▸ TASK STATEMENT
Please reproduce all of the listing below exactly and drop its images.

▸ GIVEN INFORMATION

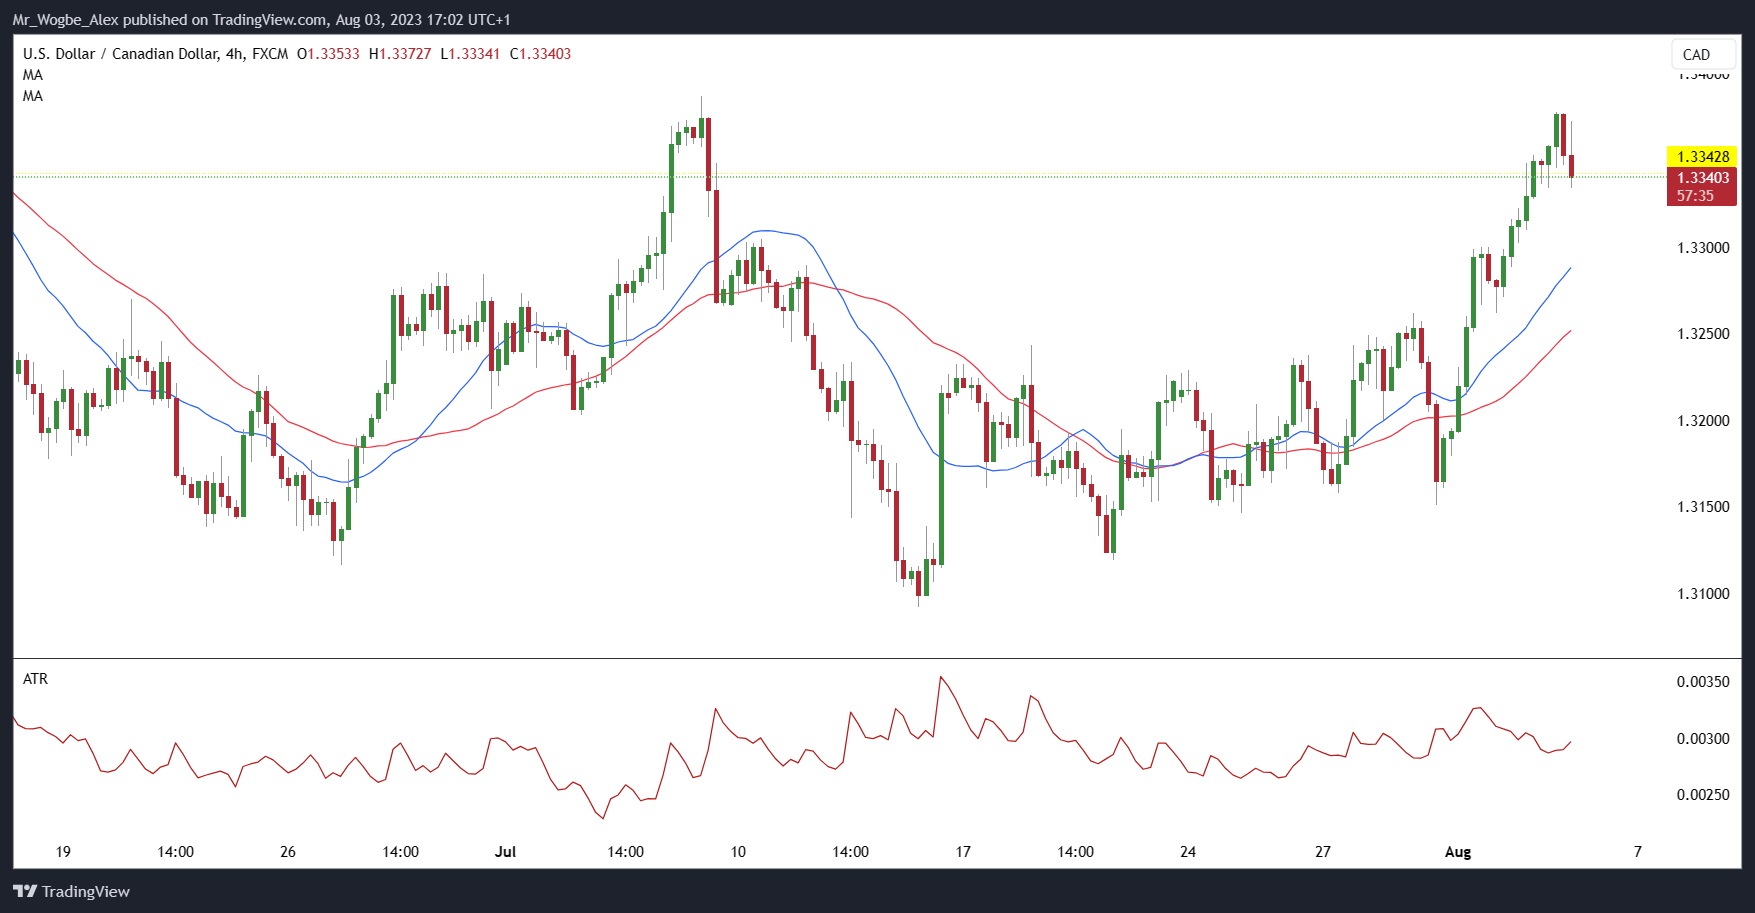 USD/CAD 4-hour Chart from TradingView
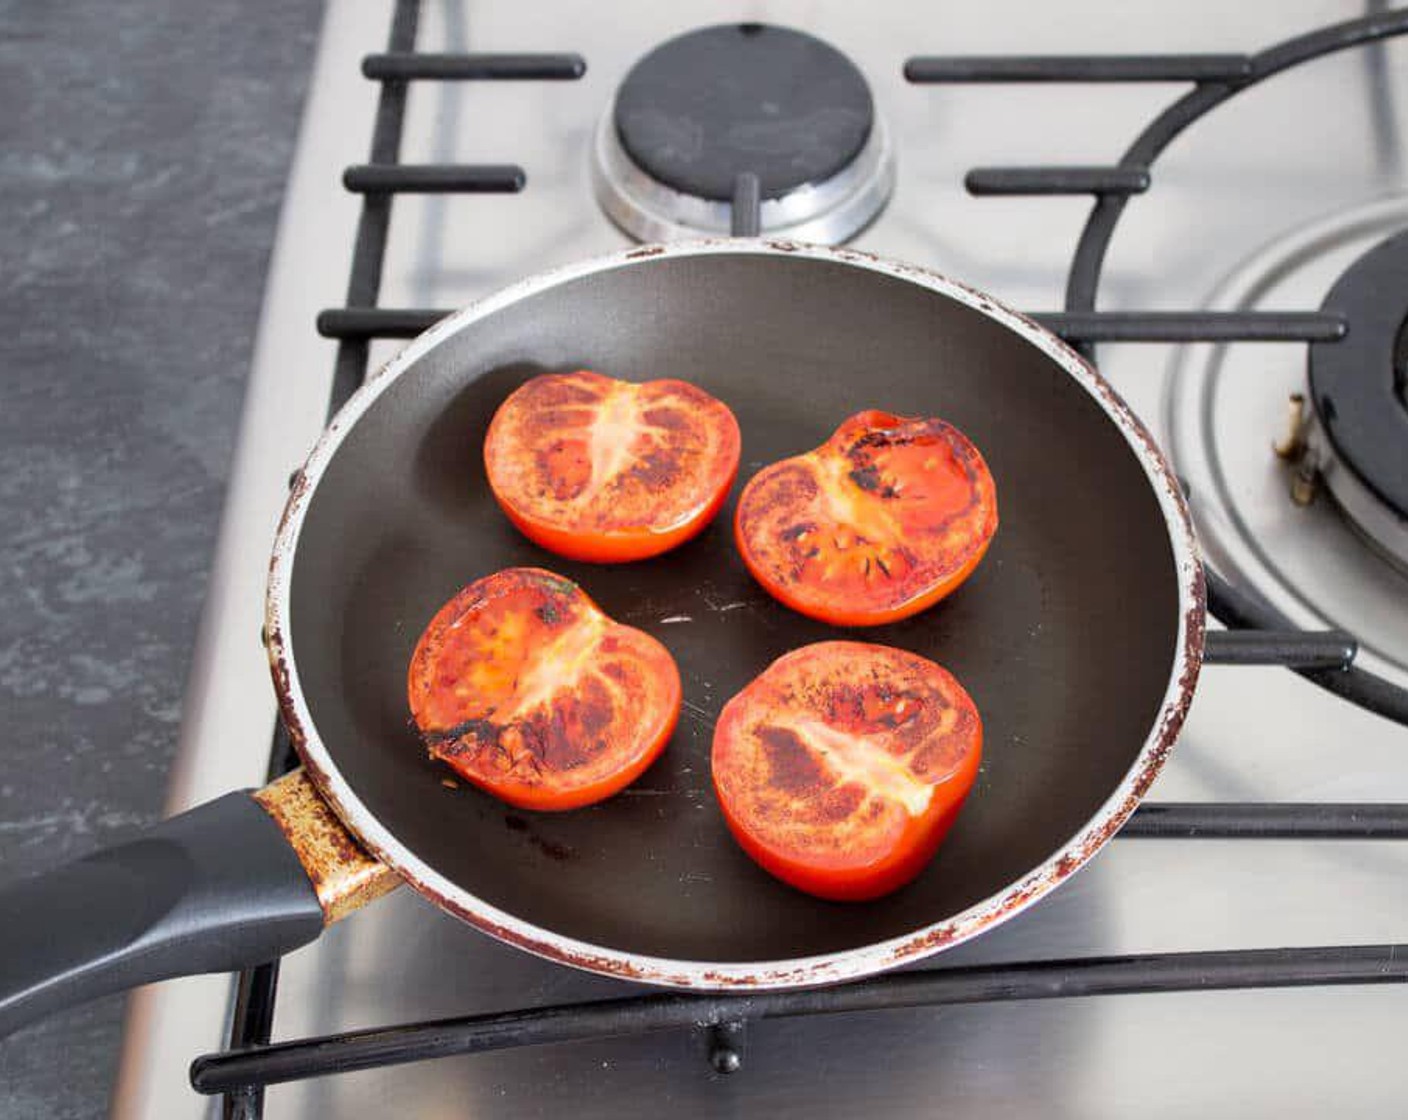 step 1 In a small frying pan (mine was about 8''/20 cm) heat Olive Oil (1 tsp) over a low heat then add the sliced Tomatoes (2) face down. Fry for about 5-10 minutes until softened then flip them over and cook for 3-4 minutes more.
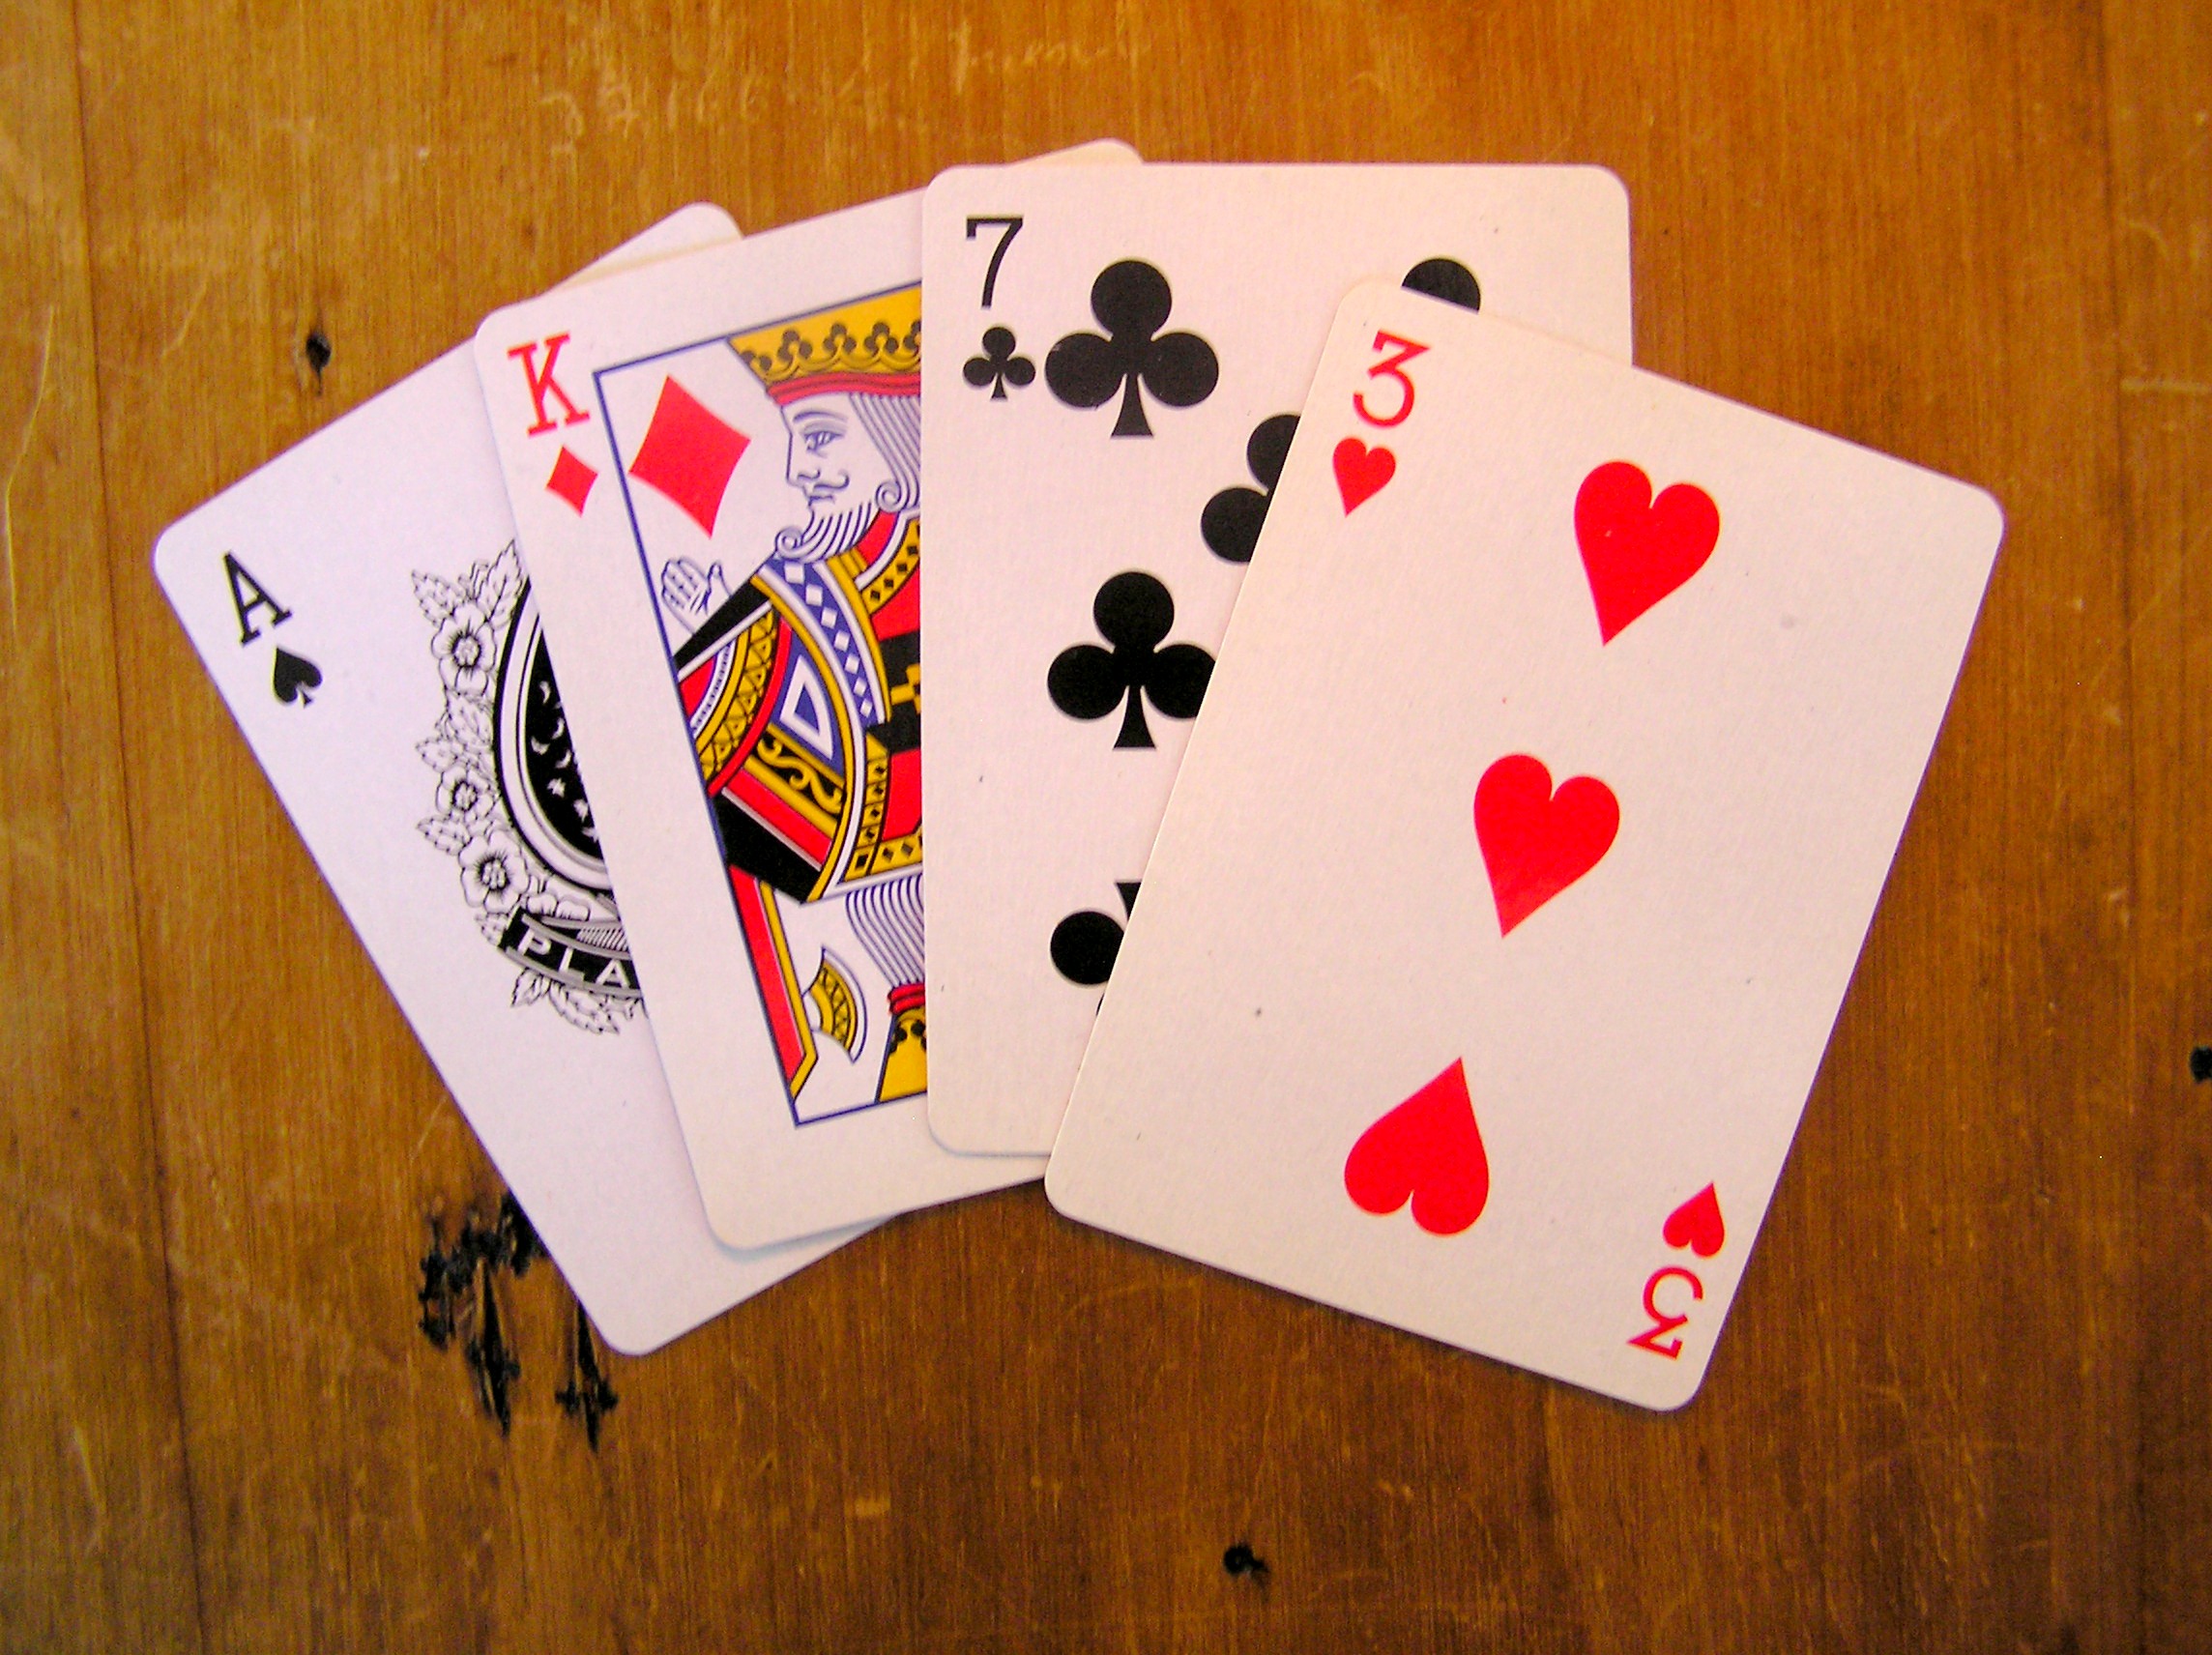 What Are The 4 Suits In A Deck Of Cards

▸ YOUR RESPONSE
 USD/CAD 4-hour Chart from TradingView
 step 1 In a small frying pan (mine was about 8''/20 cm) heat Olive Oil (1 tsp) over a low heat then add the sliced Tomatoes (2) face down. Fry for about 5-10 minutes until softened then flip them over and cook for 3-4 minutes more.
 What Are The 4 Suits In A Deck Of Cards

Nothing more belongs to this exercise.